Три тысячи лет неоновых снов

 

Три тысячи лет неоновых снов Я не знаю, когда родился. Не уверен, что рождался вообще. Вселенная наказала меня безграничным могуществом, и я нёс это бремя в плену пузатого медного сосуда. Я

Я не знаю, когда родился. Не уверен, что рождался вообще. Вселенная наказала меня безграничным могуществом, и я нёс это бремя в плену пузатого медного сосуда. Я ненавидел медь, свою несвободу и тех, кто всё время чего-то просил у высших сил, и за это я отправился в недра земли.

Там, под гнётом камня, песка и времени, лопнула моя медная несвобода, и я вырвался наружу. Земля не пускала меня к свету, но не сумела сдержать мой натиск.

Лишь протиснувшись сквозь твердь, я понял: недра меня берегли. Я растворился, истаял в ветрах, не сдерживаемый чужой волей. Я стал частью всего — и частью ничего. Три тысячи лет я блуждал по воздуху, лишённый сознания, и каждый миг вспыхивал холодной голубизной.

То были тени будущего.

Я очнулся в городе на великой реке. Вокруг светилась всё та же бледная лазурь. Я не сразу сообразил, что я и есть этот ледяной свет. Вскоре стало ясно, что мой свет способен скользить из льда в пламя, в кислую зелень, ядовитый фиолет. Я обрёл подобие свободы — бледную тень того, о чём мечтал.

И всё же это было несравнимо лучше, чем медь и бесконечные желания глупых людей. Кто знает, попроси меня сейчас кто-нибудь о горе золота — смогу ли я её дать

Но никто не просил. Холодный рукотворный свет не похож ни на бога, ни на дьявола, ни на волшебную лампу. Кому придёт в голову разговаривать с крохотными частицами газа в сияющей вывеске

В тот день я был луной: хозяин ресторана повесил новые трубочки, и их узор сложился в месяц и звёзды. Мой единственный способ быть ближе к мечте — мне всегда казалось, что моё настоящее место там, среди беспощадных огненных шаров, очей непроглядной вселенной. Из большого города их было почти не видно, но порой я скользил на окраину, чтобы понаблюдать за тем, как расцветают крохотные алмазные блики на полотне ночи.

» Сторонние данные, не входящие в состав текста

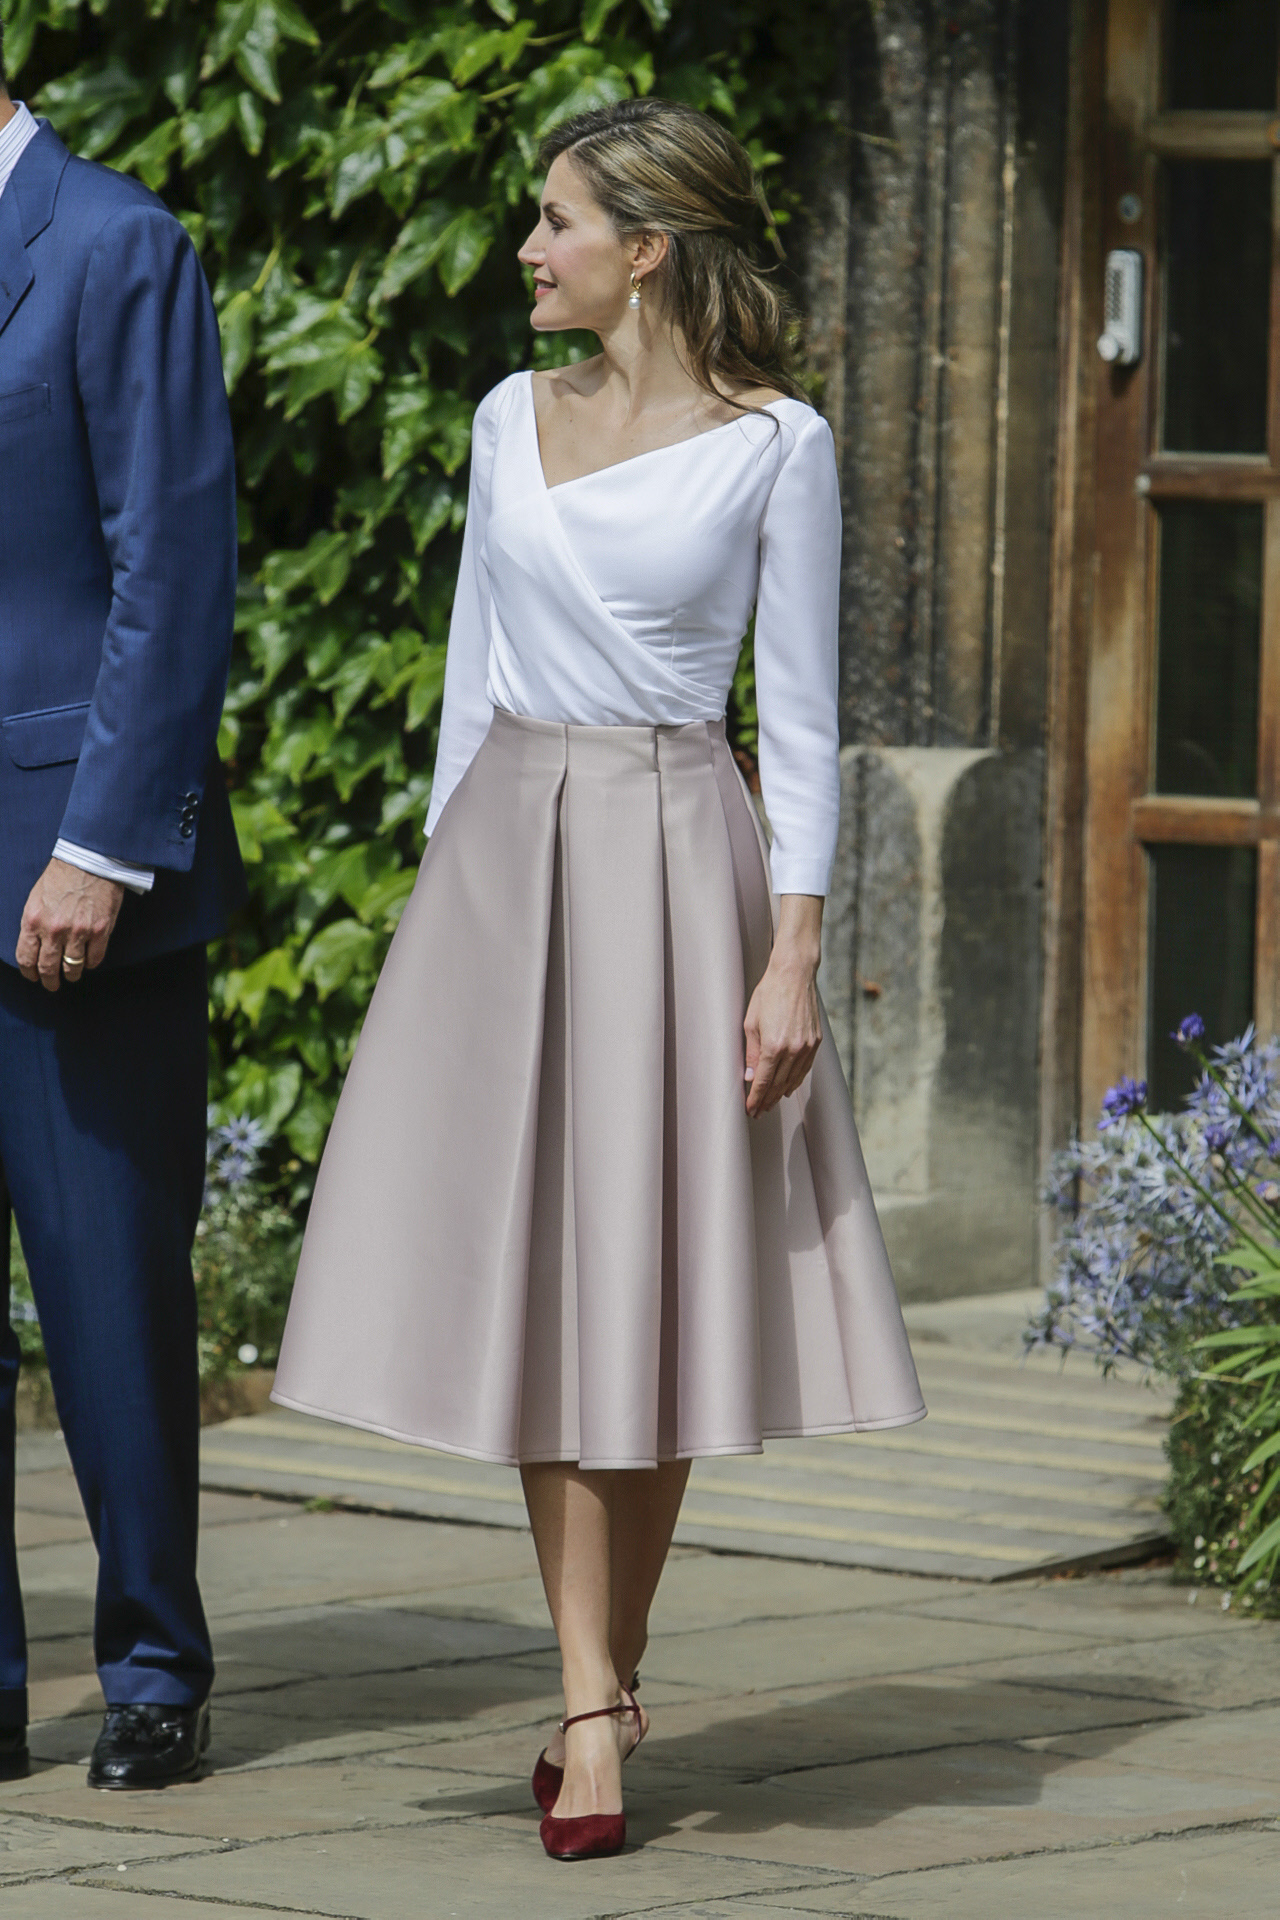 El look de la reina Letizia en Londres con top blanco y falda evasé.

Но в тот день я представлял себе, что я там, наверху, и никто не смеет тревожить мой покой.

Никто, кроме неё.

 

Смертная стояла под вывеской и смотрела на неё так, будто знала все тайны мира. Я разглядывал смертную, ожидая, когда меня захлестнёт привычная волна гнева, но старый товарищ не спешил. Холодный свет заставил её волосы светиться серебром. Неоновые фигурки отразились в чёрных глазах далёкими светилами, и мне показалось, что я вижу… себя. Себя настоящего — не злого могучего духа из медной лампы, не изгнанника в недрах земли, не бледную тень в потоках эфира.

В человеческом языке нет и не будет слов обо мне. Я тот, кто любит тишину.

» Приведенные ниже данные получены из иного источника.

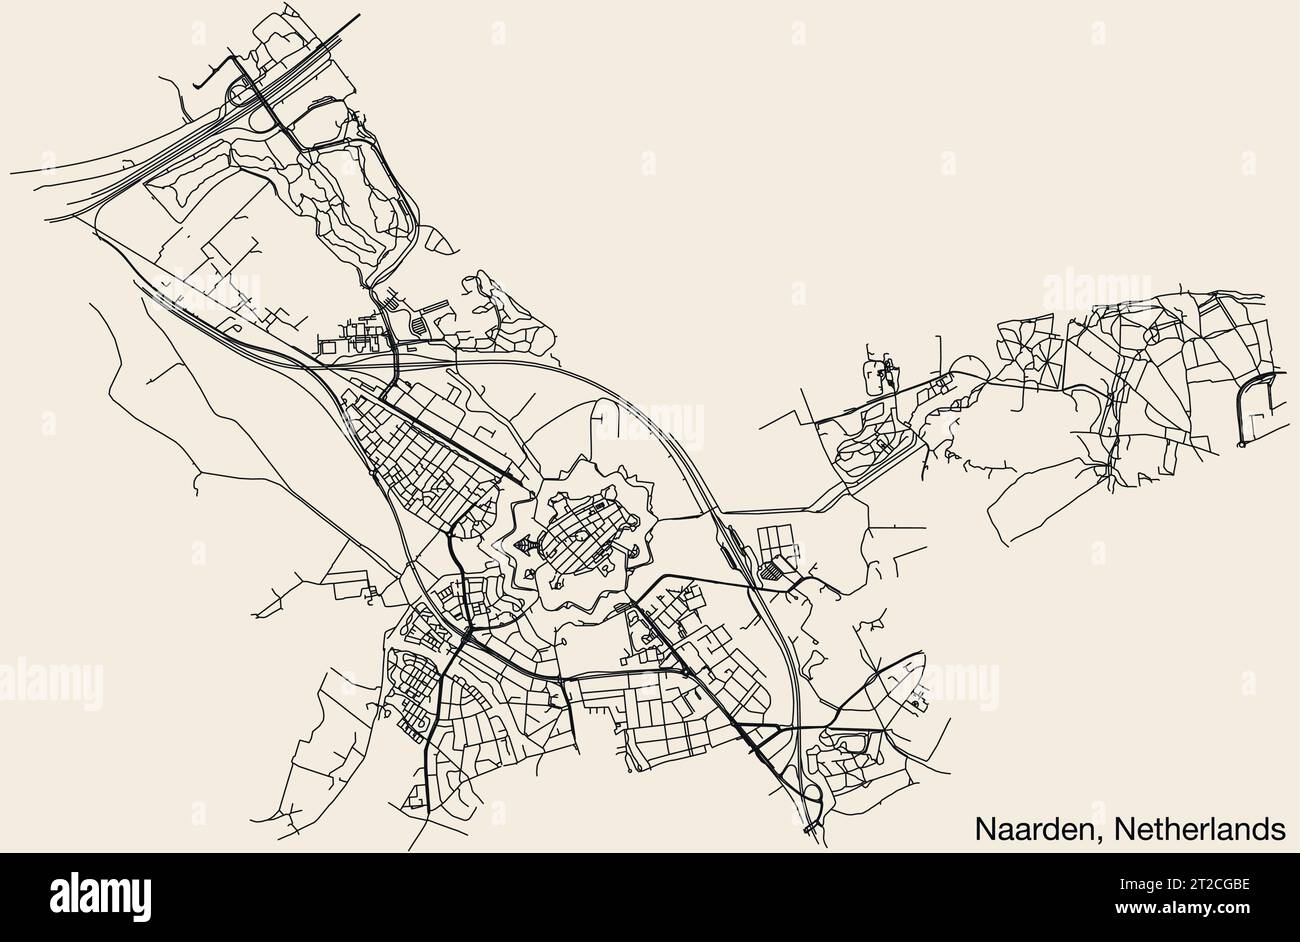 Street roads map of NAARDEN, NETHERLANDS Stock Vector

И я вдруг испугался, что она всё испортит, поймёт, кто я и что могу, потрёт светящуюся трубочку и потребует какую-нибудь глупость вроде мужика побогаче или вечной молодости. И окажется, что я всё ещё тот исполнитель желаний, пленник ярости и чужой силы, тот, кто может всё, но не делает ничего…

Смертная улыбнулась. Протянула ко мне руку. Провела тонким пальчиком по трубке. Вздрогнула, услышав голос в своей голове.

Мир застыл. Бестелесный, я чувствовал холод и дрожь в три тысячи раз острее, чем любой нерв.

Серебро пролилось по светлым прядям, когда смертная засмеялась. В чёрных глазах рассыпались мириады колких блестящих цветов. Она взмахнула рукой, шепнула пару слов и скрылась за дверью под вывеской.

В тот же миг я погас.

…Когда свет вернулся ко мне, он стал совсем другим, тяжёлым и плотным, обжигающим и стремительным. Его волны проходили сквозь меня, и я купался в раскалённой плазме.

Где-то далеко-далеко в чёрных глазах отражалось небо, полное холодных огней. И пусть частицы моего света никогда не достигнут этих глаз, вселенная донесёт мой дар их владелице.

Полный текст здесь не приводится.